Nearly three decades later, Nasubi described the show as “cruel”, adding that “there was no happiness and no freedom”.

“Maybe three or five minutes a week of my life (were shown). And that was edited to highlight my happiness when I won (an award),” he told Deadline.

“Of course the viewers were like, ‘Oh look, he’s doing something fun and something he’s enjoying…’ But most of my life suffered.”

And yet, in the documentary, she doesn’t seem bitter about the experience, and Titley says her impression was that “she’s in such a positive place now.”

“When people have asked him if he has any regrets, he always says that although he wouldn’t want to do it again, he wouldn’t be the person he is (otherwise),” she says.

image caption, Nasubi was stunned to be greeted by a live studio audience cheering his name at the end of the show.

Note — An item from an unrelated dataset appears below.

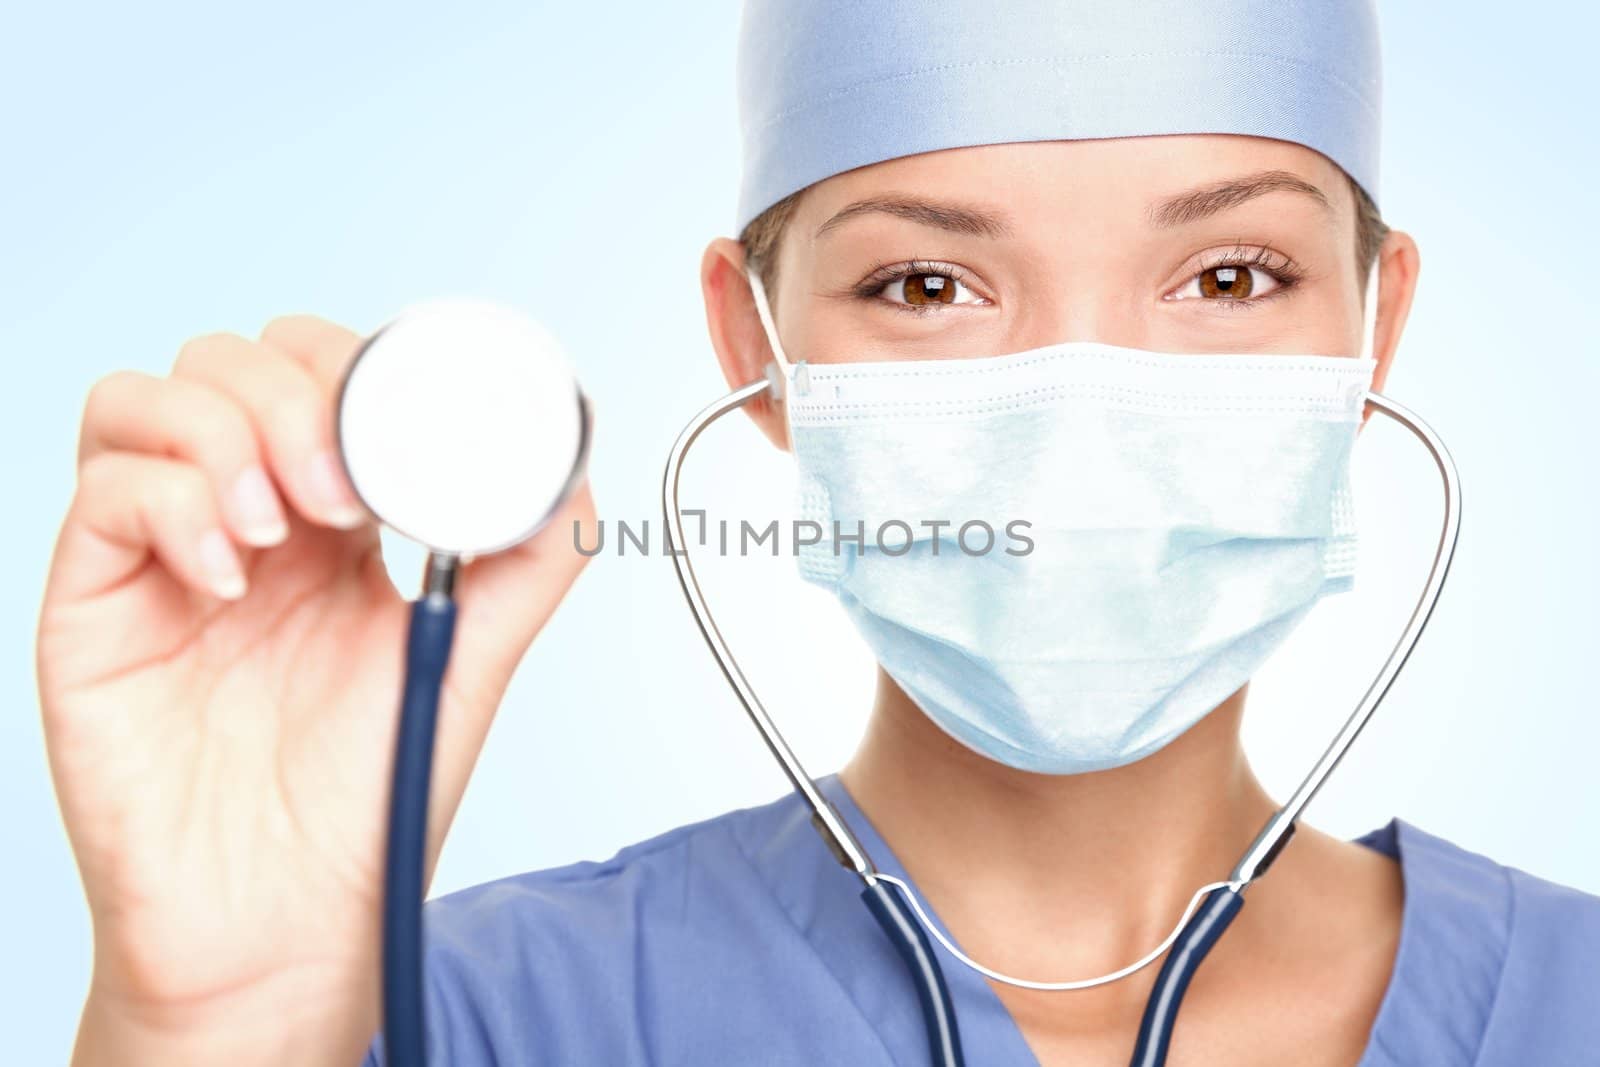 Young doctor / surgeon showing stethoscope wearing surgeon mask looking at camera. Asian / Caucasian female model. 
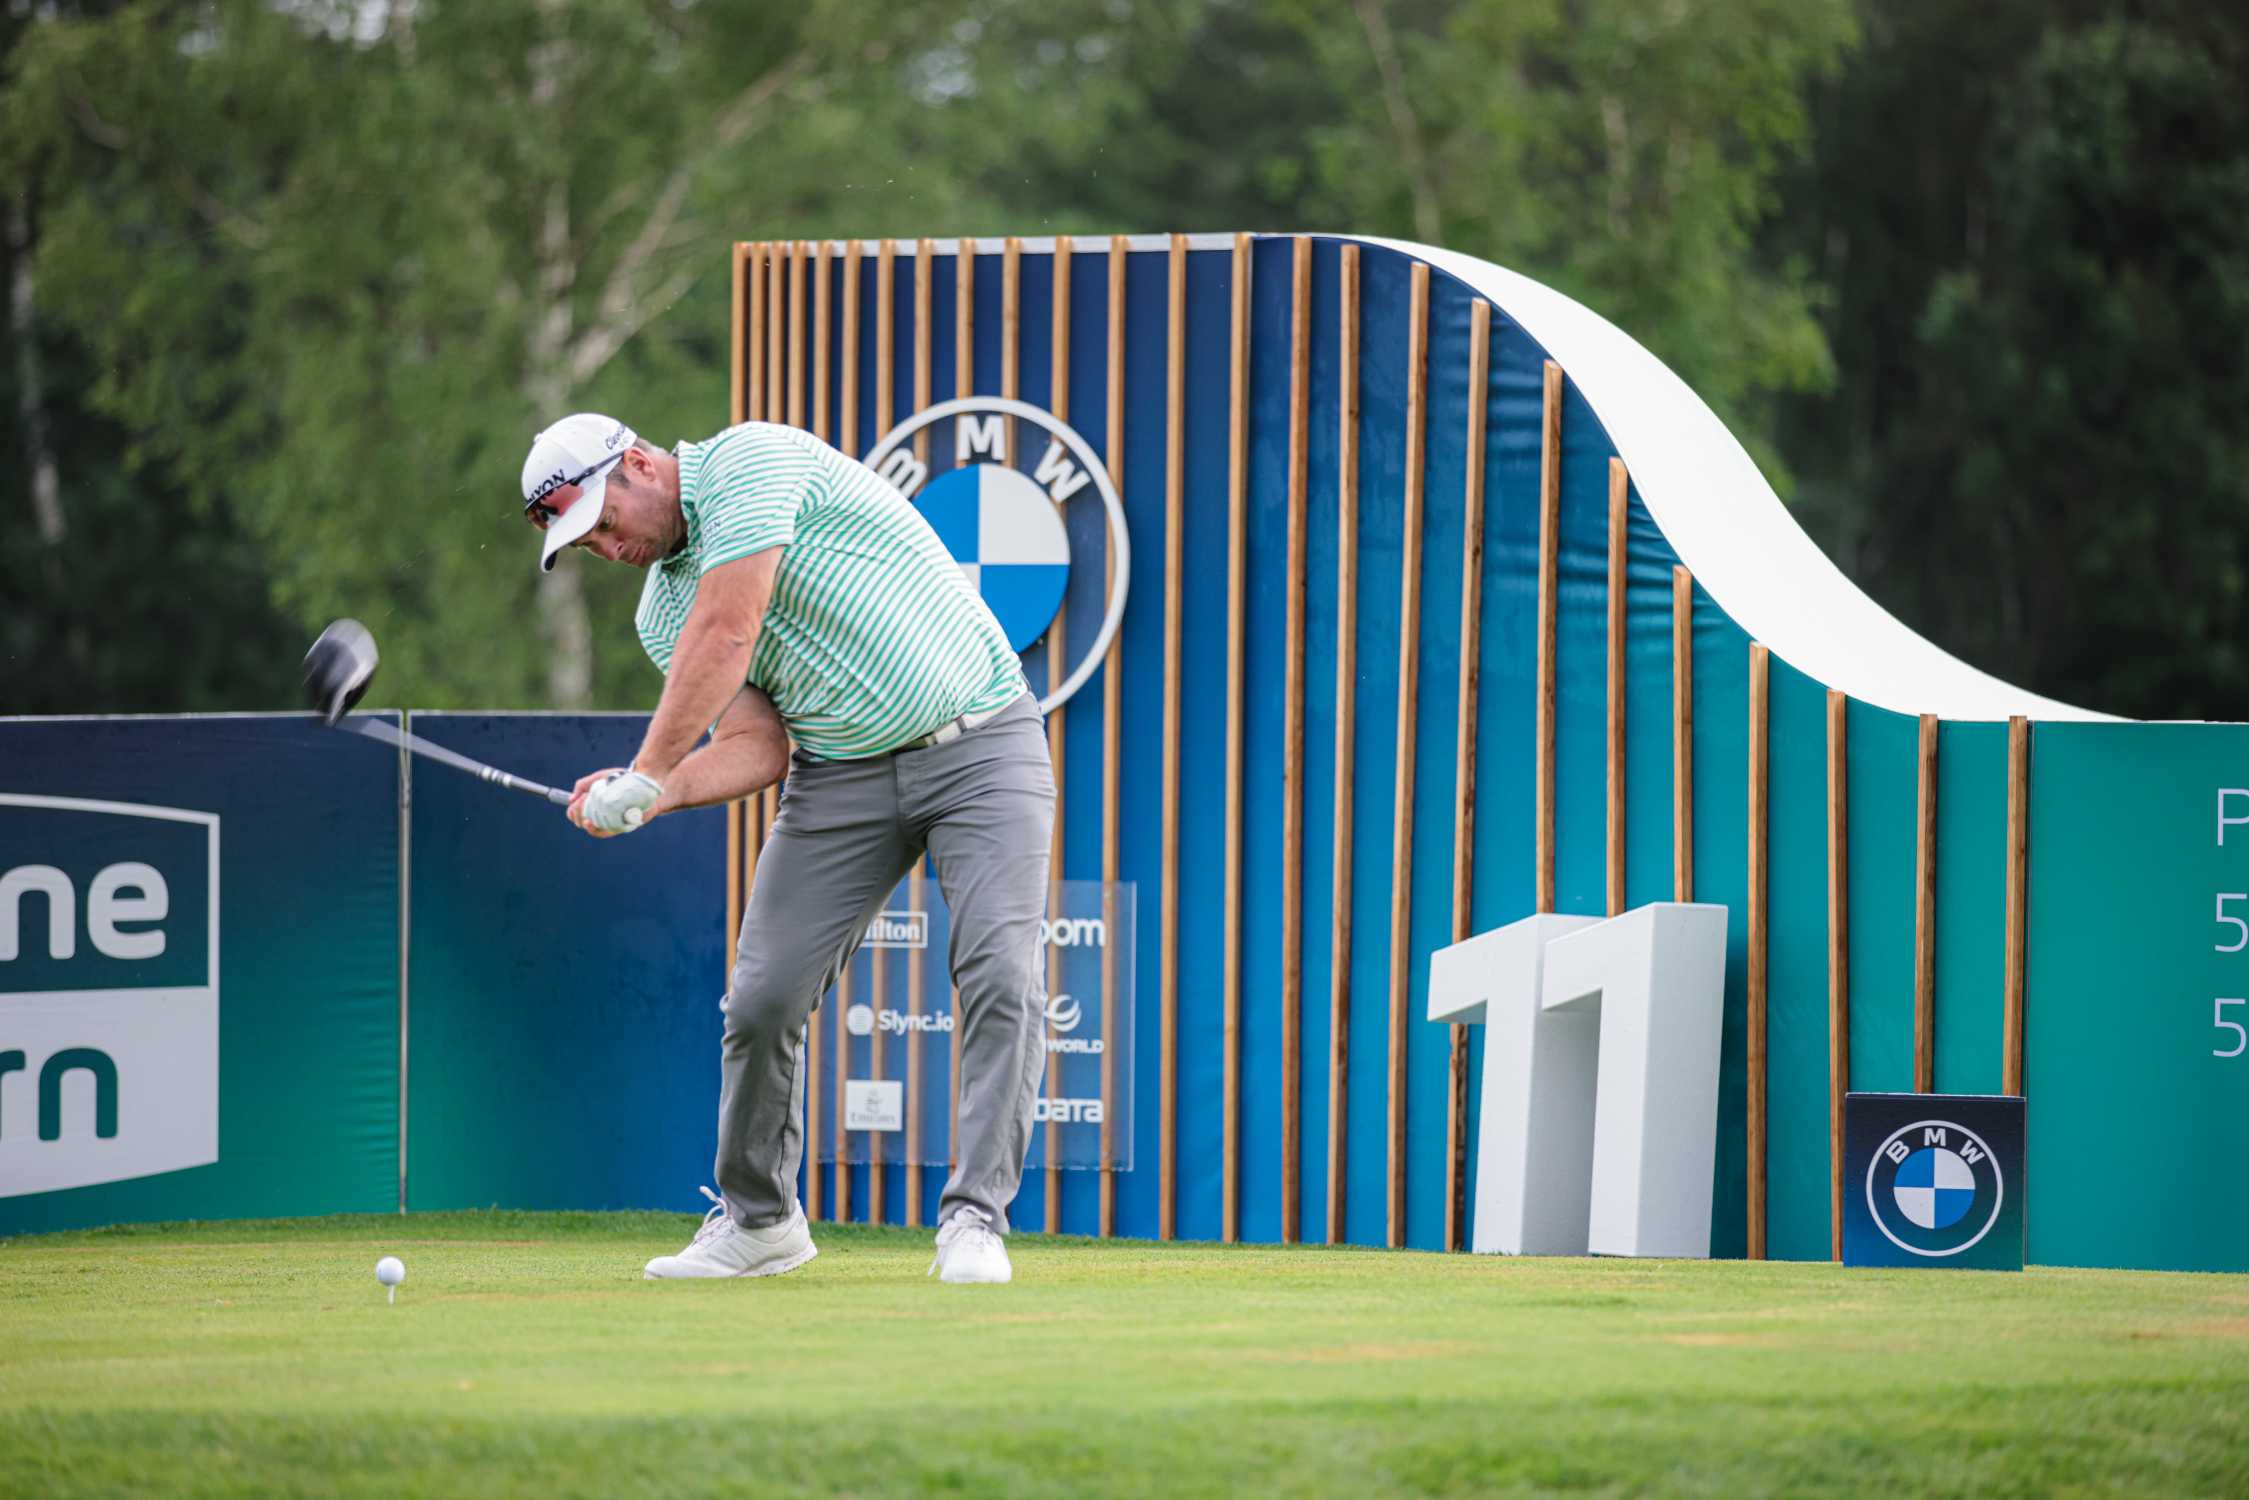 BMW International Open: Stage set for an exciting final weekend.

Nasubi was eventually freed in a Michael McIntyre-style stunt where he was taken to a new fake room before the walls collapsed to reveal that he was actually on stage in front of a live audience applaud the name.

The documentary also follows Nasubi after his release, showing his efforts to use his famous fame for good causes – ultimately giving him a sense of fulfillment.

Titley says Nasubi felt it was the right time to revise her story, adding that she “maybe found some peace with what happened.”

The duty of care practices of the 1990s are not what they are today – and viewers are unlikely to support such a format now.

But the documentary raises questions about where to draw the line when it comes to entertainment – and how much public appetite is to blame.

“I’d like people to reflect on their own relationships with social media and reality TV,” says Titley, “and how complicit we all are as viewers and consumers.”

The competitor will launch in the UK later this year.